Brief:
A faithful transcript of every entry is required; pictures do not belong in it.

=====

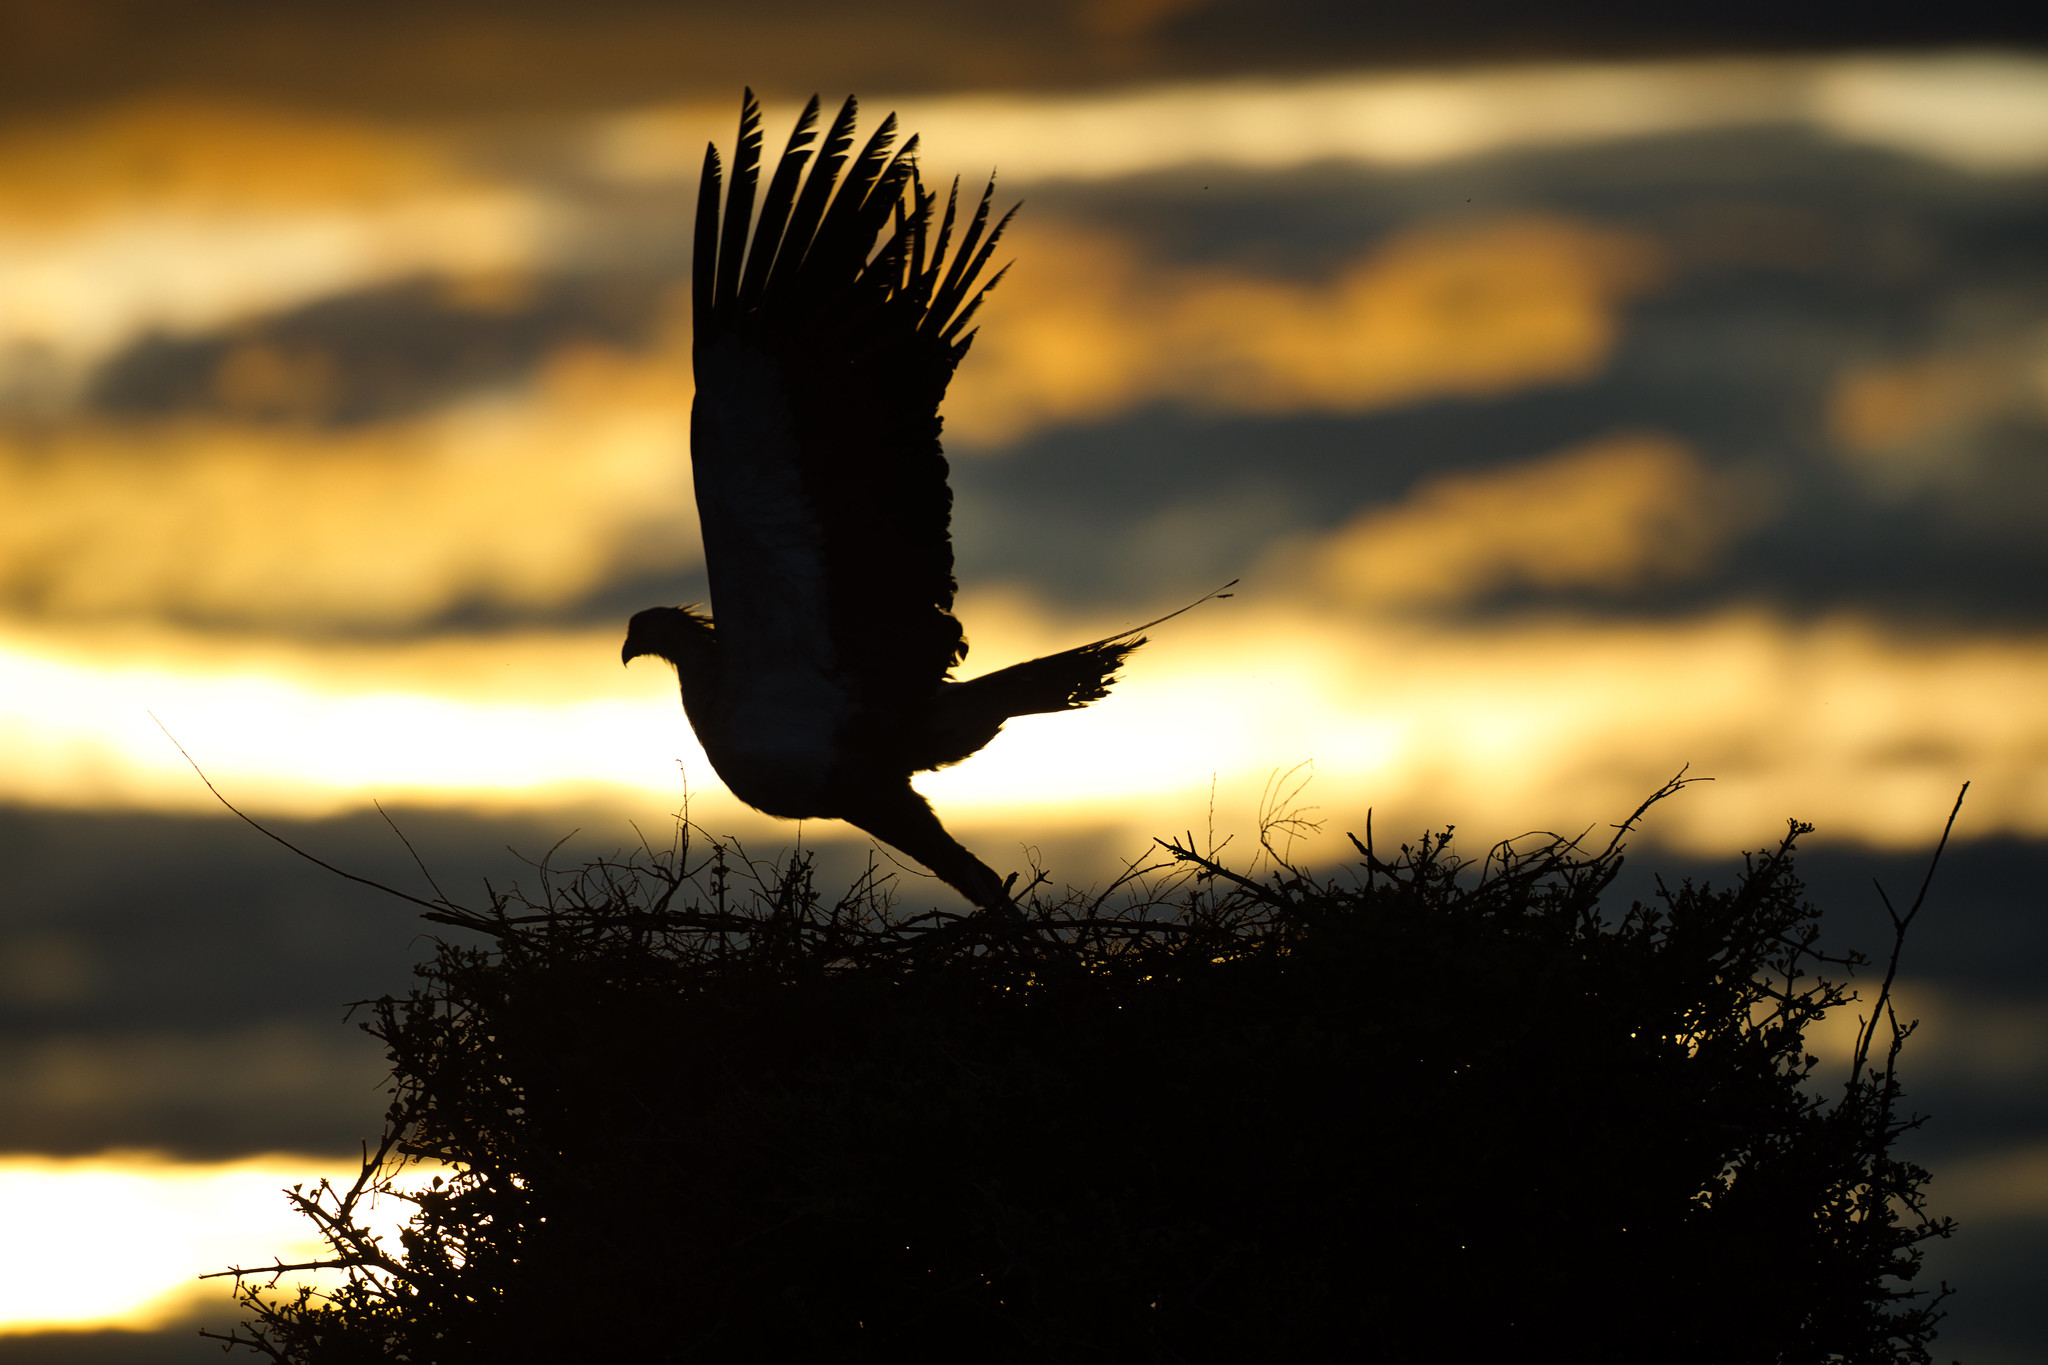 Secretary Bird in Sunrise - Masai Mara
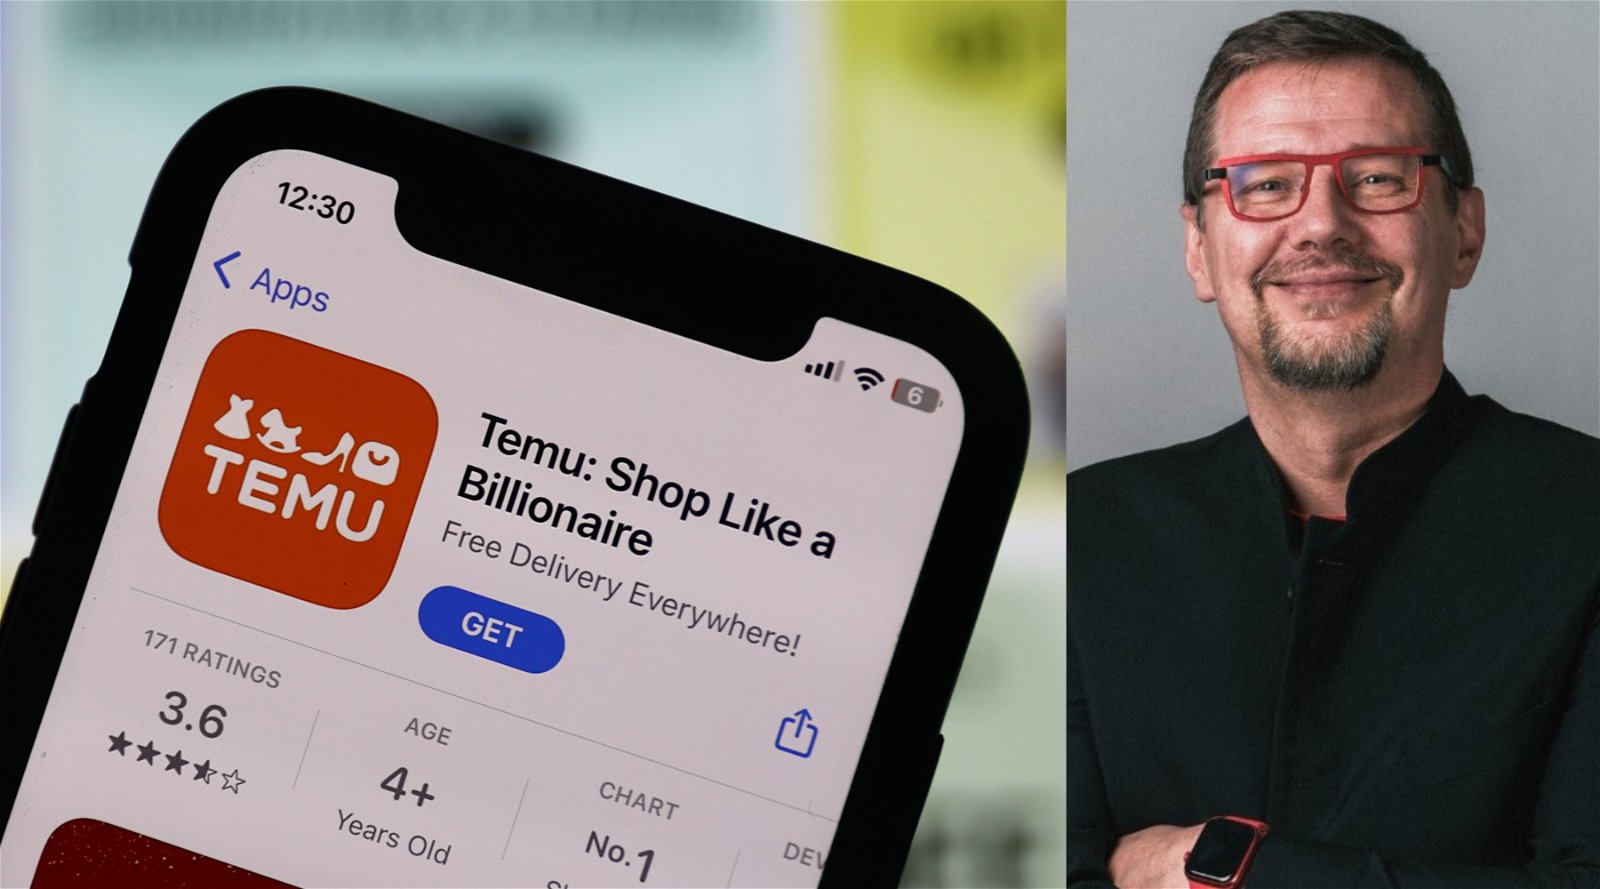 Experts warn that retail platform Temu is using dumping prices
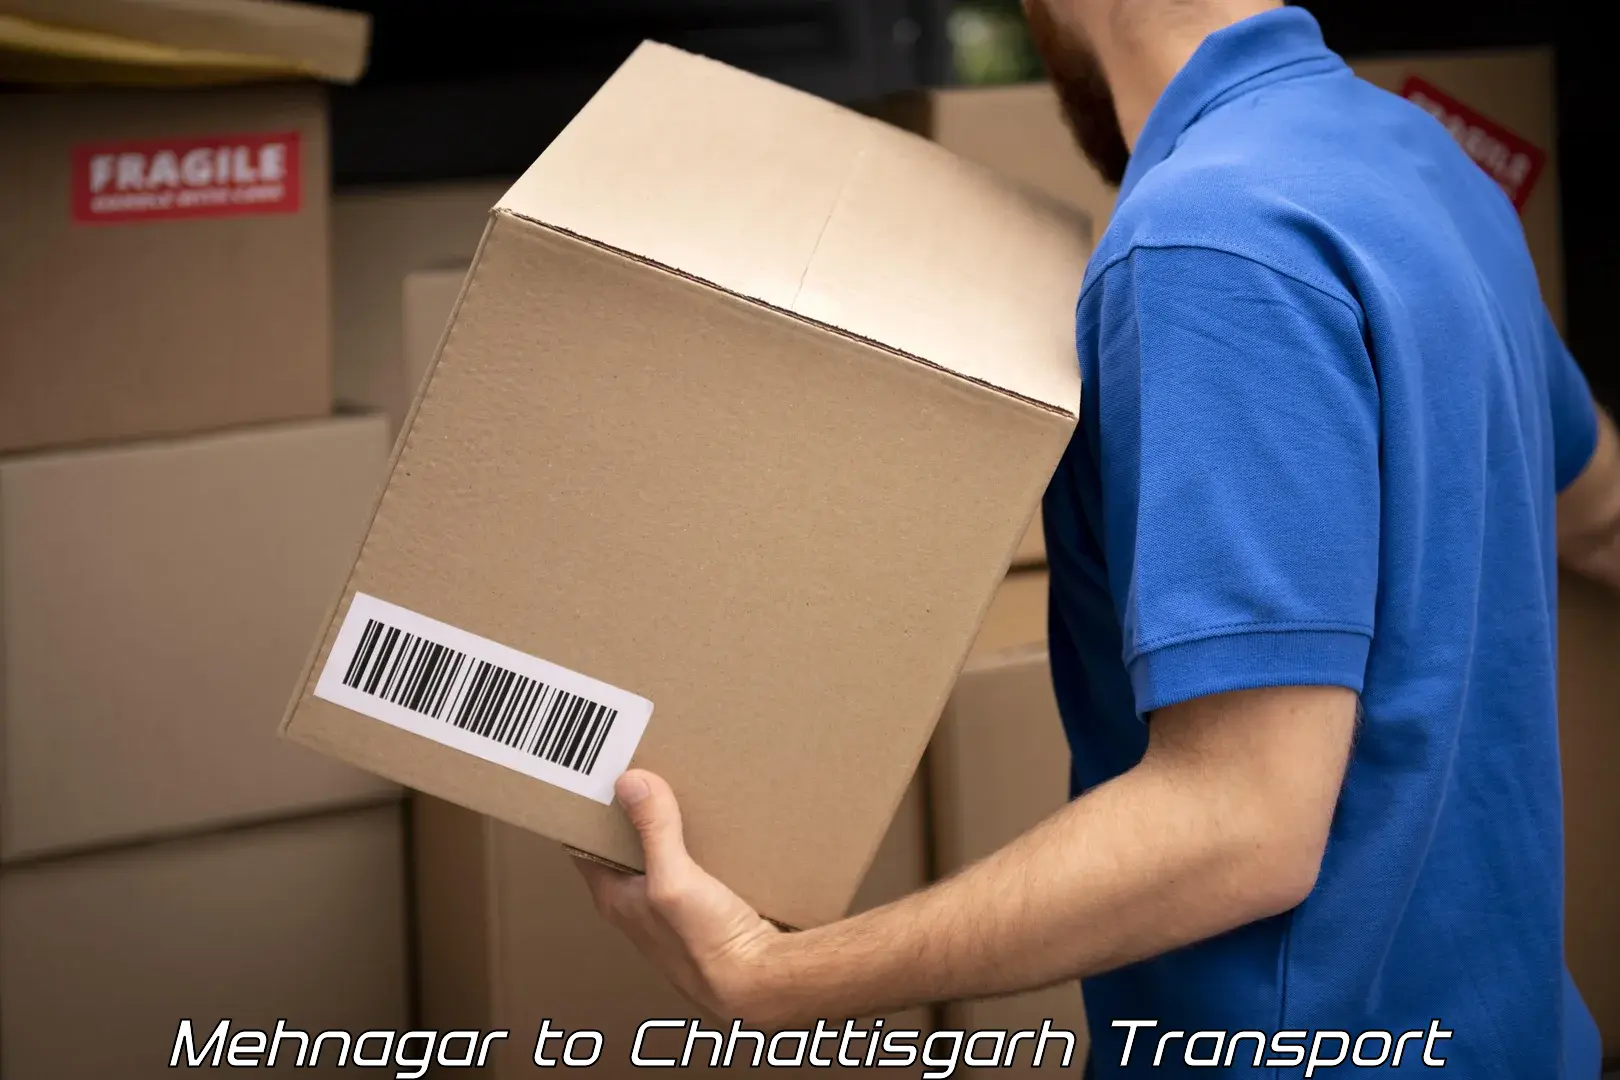 Delivery service Mehnagar to Chhattisgarh
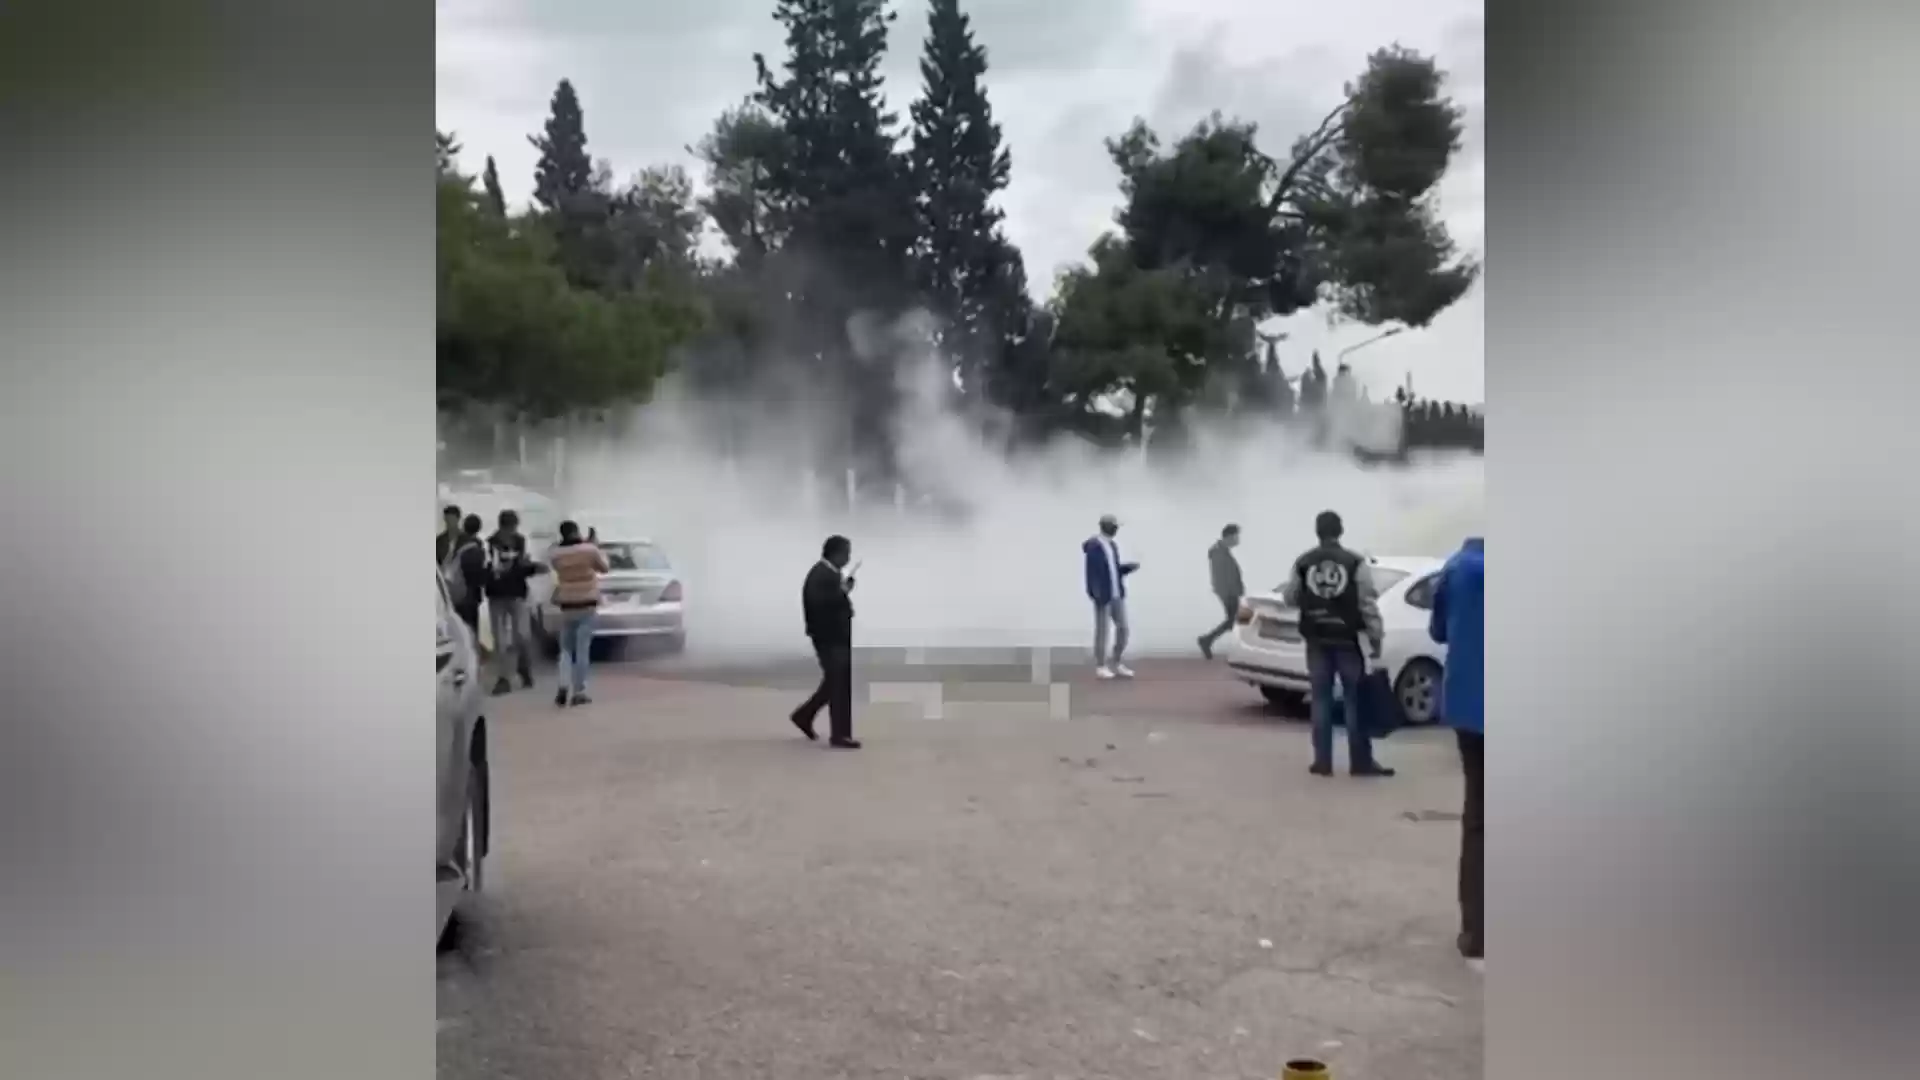 استخدام طفايات حريق لتفريق مشاجرة كبيرة بالجامعة الأردنية (فيديو)
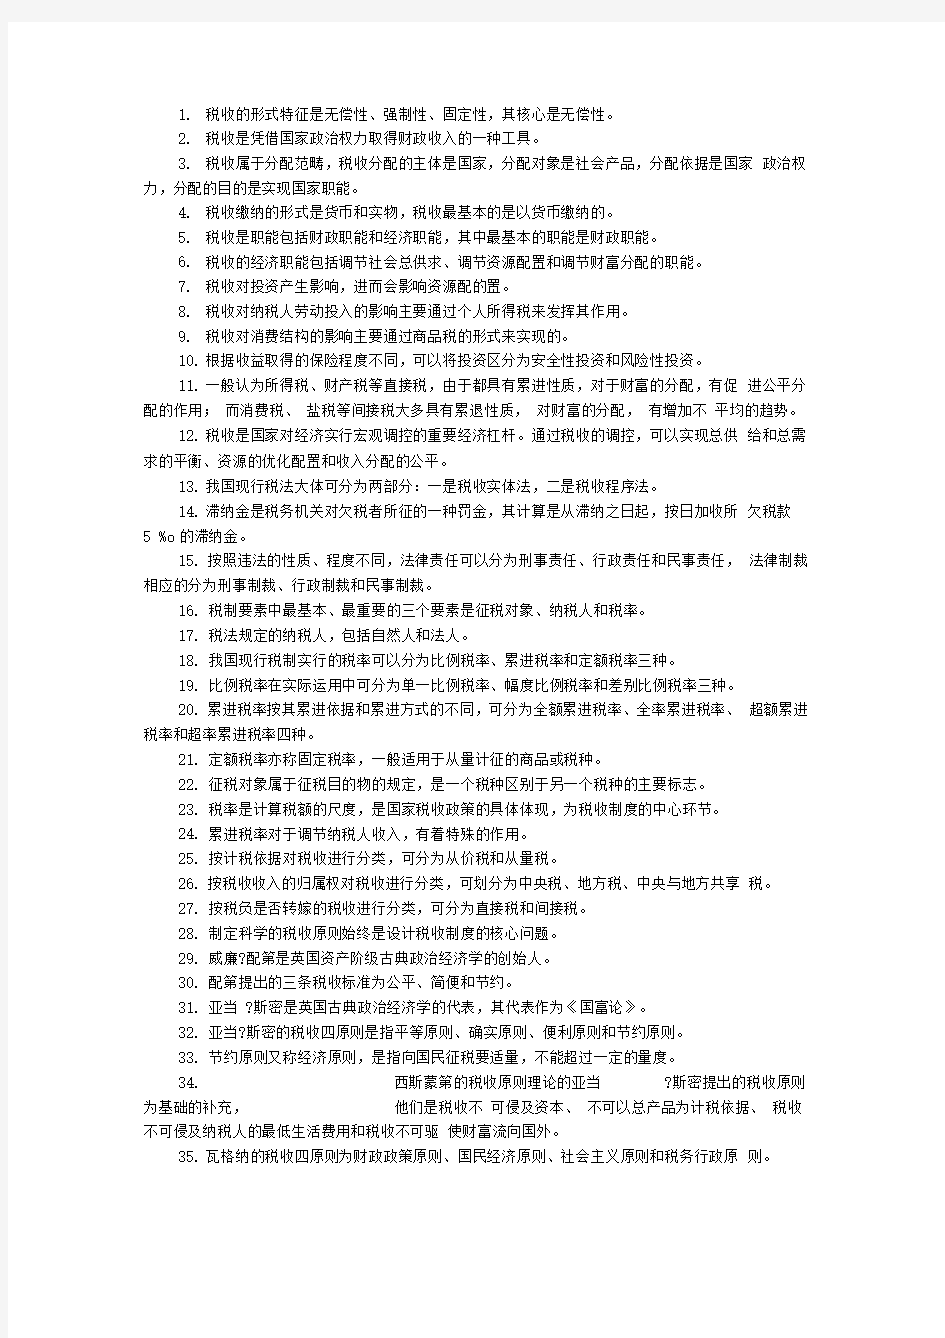 自考《中国税制》课堂笔记整理版

=====

Task output:
 Secretary Bird in Sunrise - Masai Mara
 Experts warn that retail platform Temu is using dumping prices
 Delivery service Mehnagar to Chhattisgarh
 استخدام طفايات حريق لتفريق مشاجرة كبيرة بالجامعة الأردنية (فيديو)
 自考《中国税制》课堂笔记整理版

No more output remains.